Posts Tagged ‘ alpha male ’

When This Dad Is, By Default, The Alpha Male

Wednesday, January 18th, 2012

14 months.

Put me in a room with a dozen guys my age and most likely I will surface as either the cultural equivalent of Paul Rudd, Ron Paul, or Jack Johnson.

If I were a main character on Lost, at best I would be the reluctant leader Jack Shephard, but I definitely would not be Sawyer or Sayid.

If I were part of the cast of Scrubs, I would be J.D. Dorian, not Dr. Cox.

In other words, by default, I am not the alpha male. I am the off-beat guy in the corner that people like being around, but don’t look to for protection, acceptance, or approval.

I am not the pack leader. Instead, I am the pack… guy next door.

And that’s fine by me; I know my role and my place in society.

Except when it’s not fine. Except when I must by default become the necessary pack leader. Most importantly, in my home.

In a household consisting of my wife and our 14 month-old son, I am obviously the alpha male. If I wasn’t, it would be a disaster; like the kind of thing you would watch on the TV show Supernanny.

And at my day job, with my sales position, being aggressive and taking charge is vital. I’m definitely by no means the alpha male there, but applying the things I learn from being one in my home helps me perform better at work.

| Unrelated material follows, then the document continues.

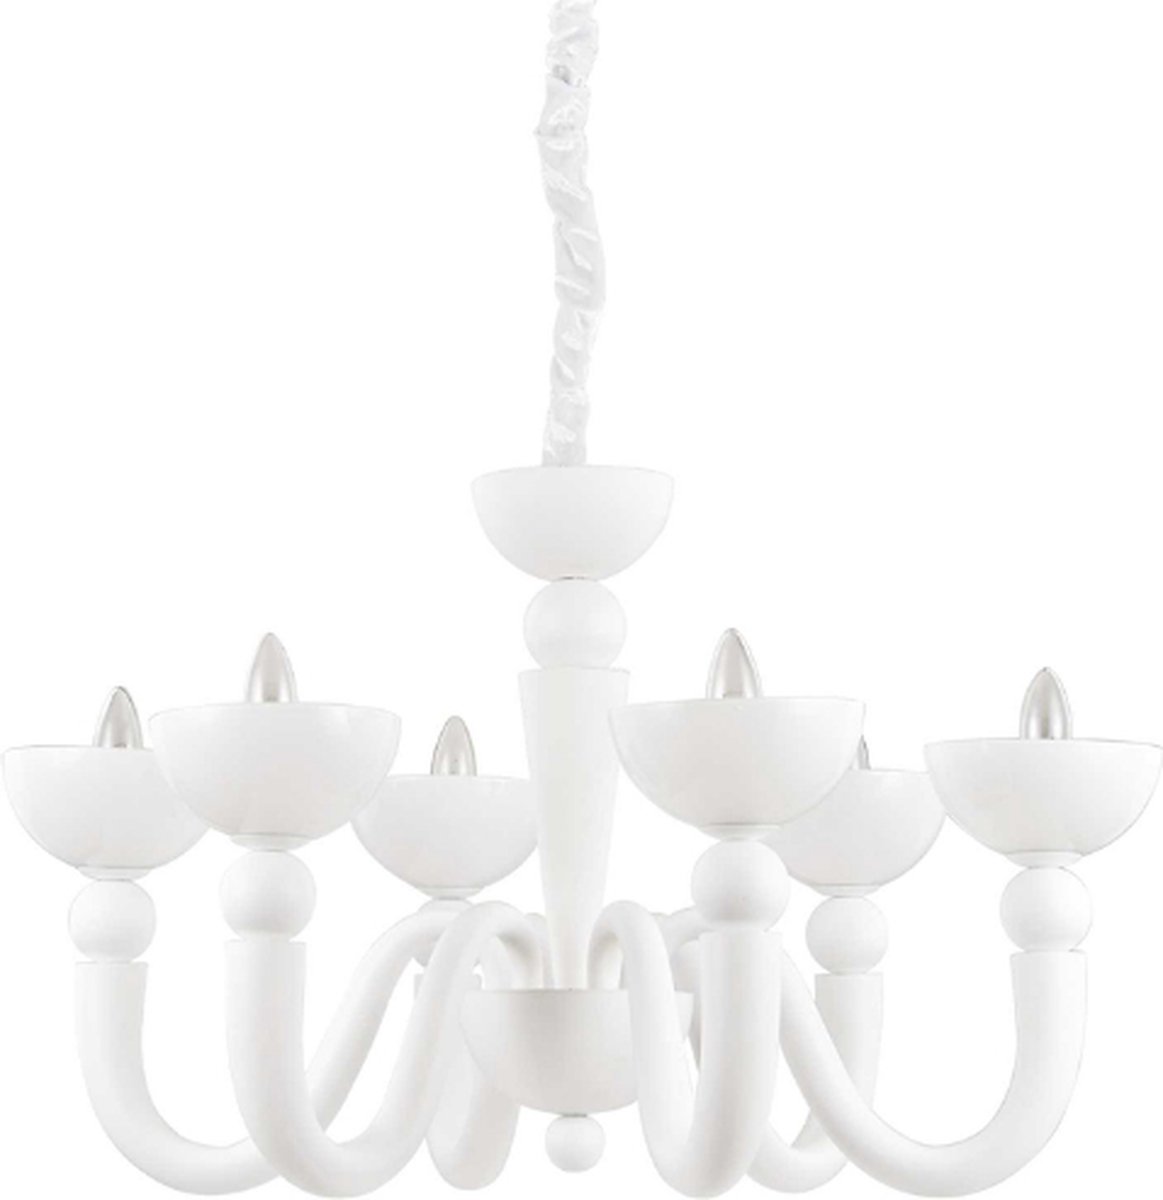 Ideal Lux - Bon bon - Hanglamp - Metaal - E14 - Wit - Voor binnen - Lampen - Woonkamer - Eetkamer - Keuken
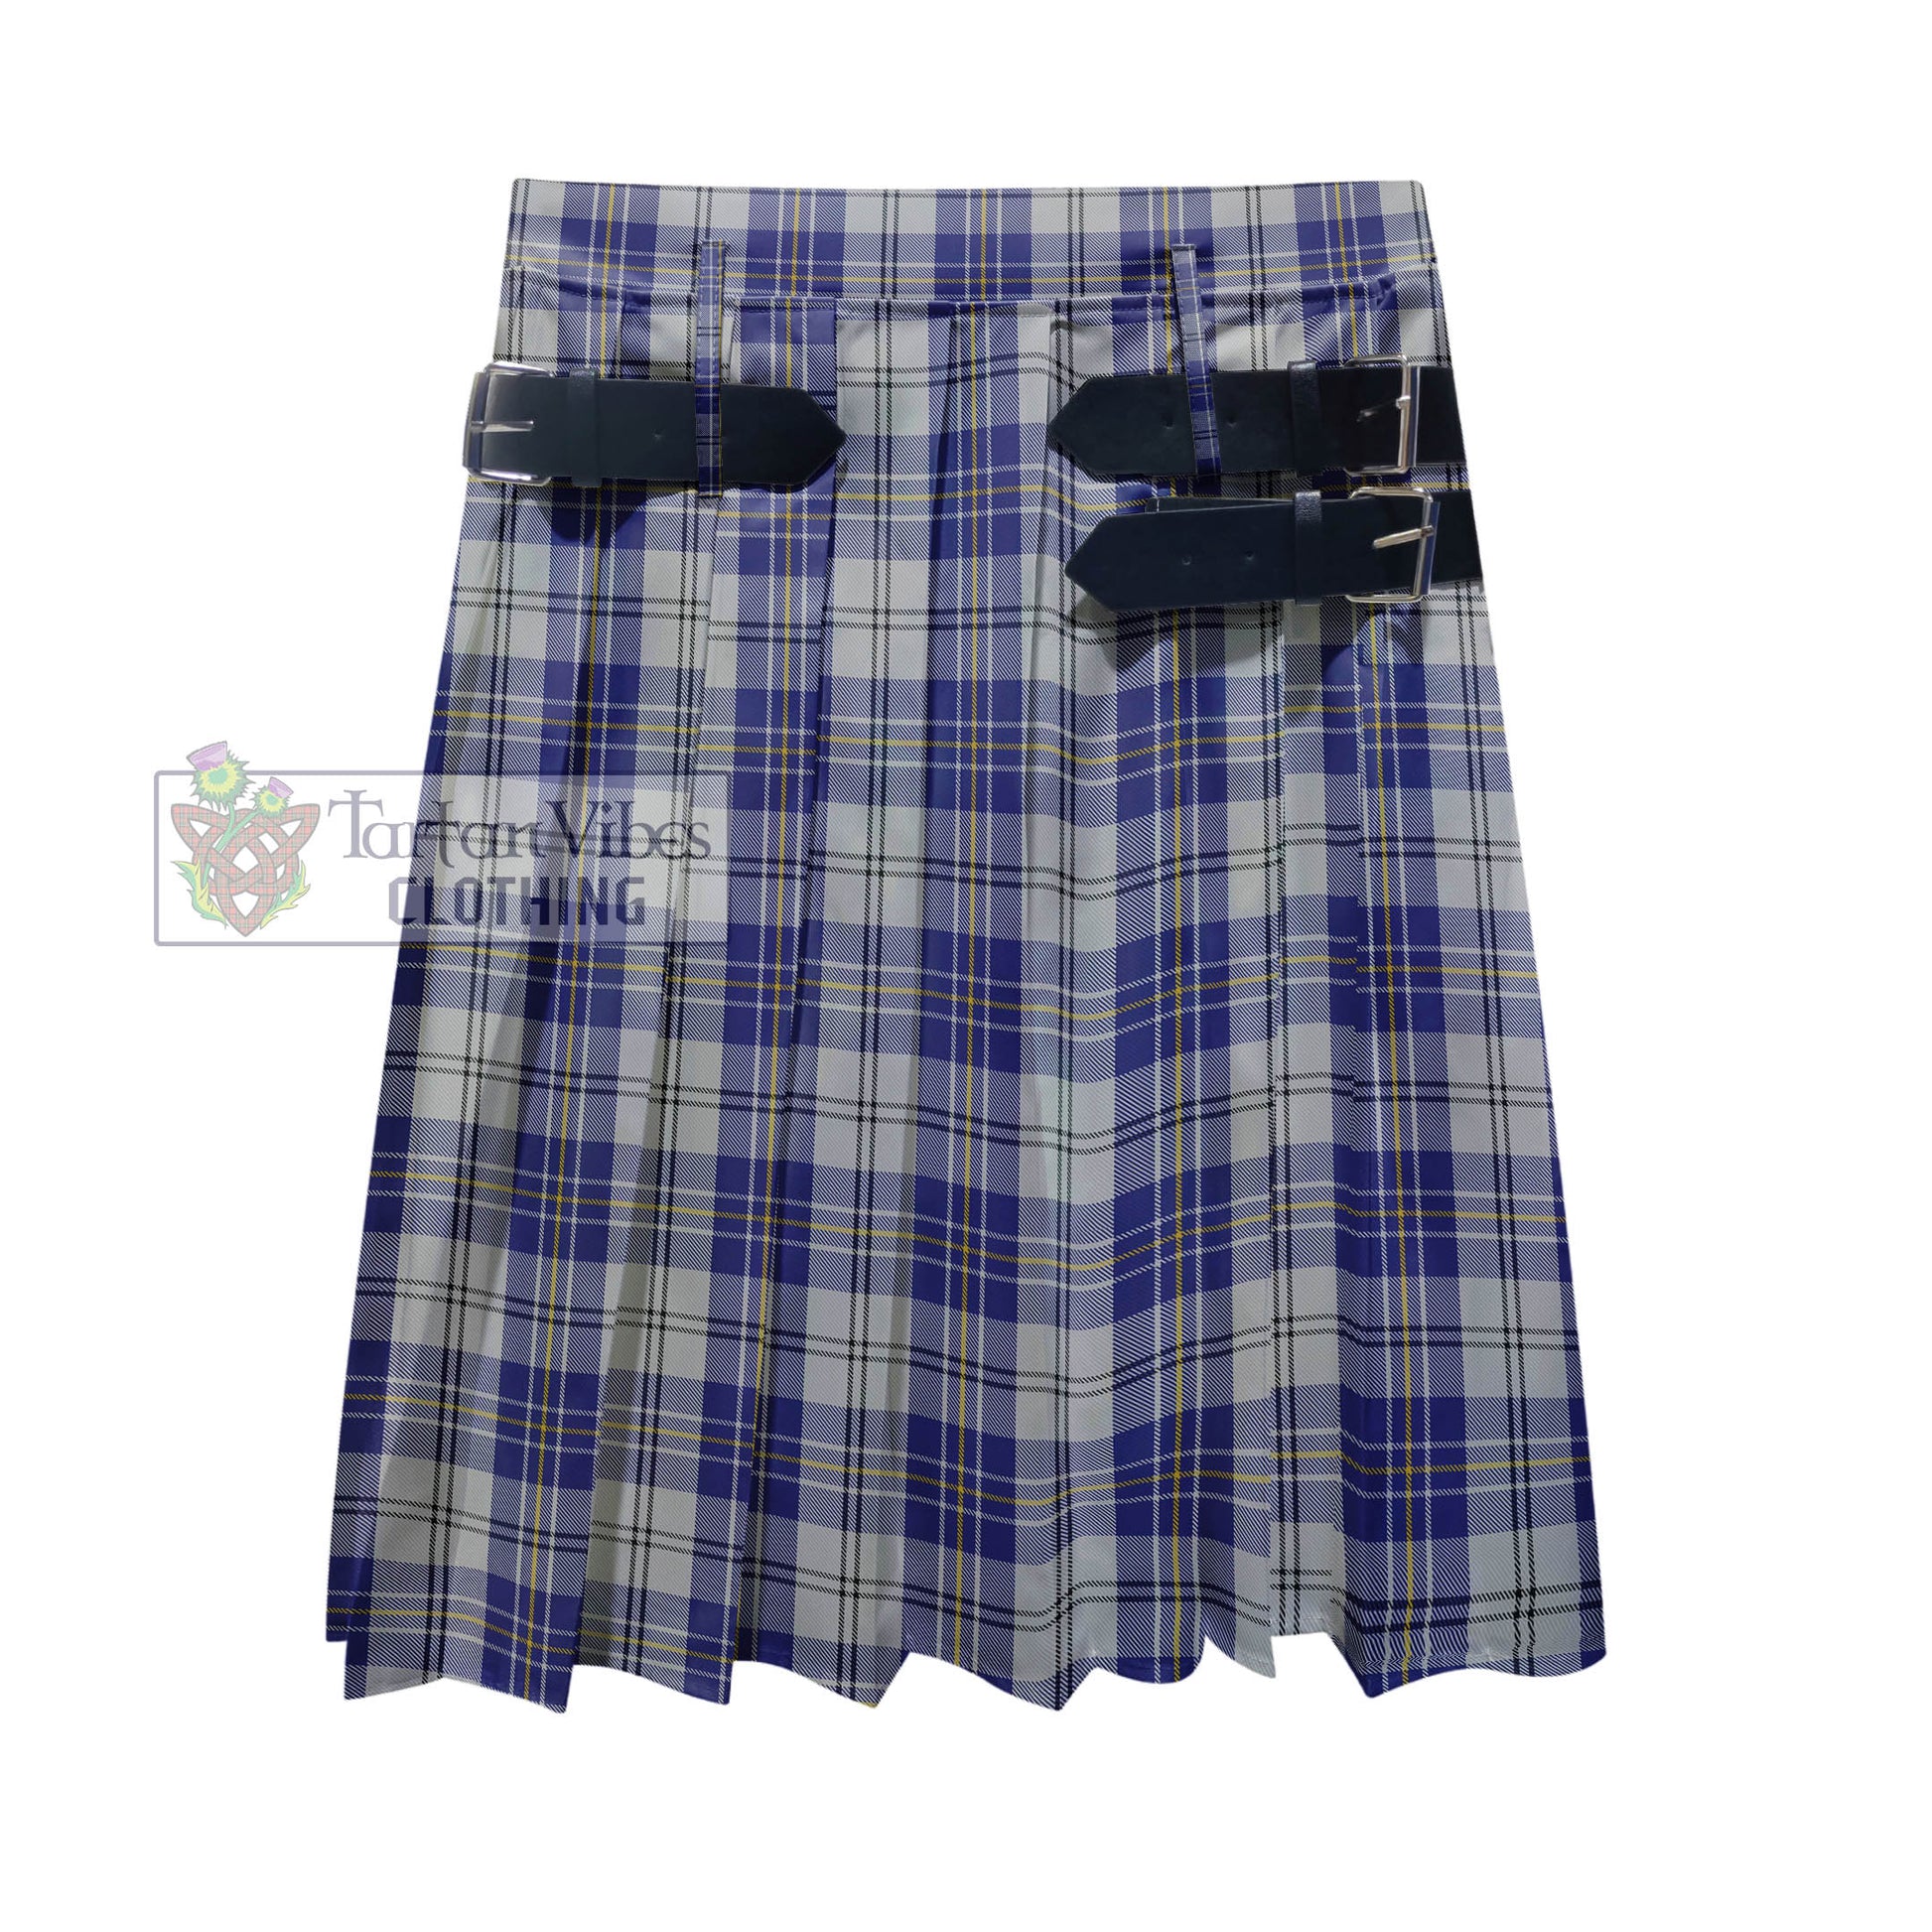 Tartan Vibes Clothing MacPherson Dress Blue Tartan Men's Pleated Skirt - Fashion Casual Retro Scottish Style

Being the alpha male in my home means making important decisions on the spot and being good at making those decisions. Being this pack leader of my home means establishing order and trusting that my direction allows for my “society” to carry out that established order.

Yes, I am using the phrases “alpha male” and “pack leader” but when it really comes down to it, I’m talking about being the head of the household.

I’m going to edit this next sentence for sexual content, so use your imagination:

I’ve learned that as a man, it’s better to be perceived as a [jerk] than a [pansy]. 

My wife would rather be married to someone she respects because he is willing to take control of the situation, as needed, as compared to a man who is so easy-going that he leaves her up to take care of the decision-making and planning of both small and large household events.

Granted, we make our decisions together. But there are plenty of times where it needs to be my call and my initiative.

When it comes down to it, I don’t like being in charge and making decicisions. But to be a man, to be a husband, to be a dad; it’s just something I’m having to get used to.

Image: Goldfish swim in an aquarium, via Shutterstock.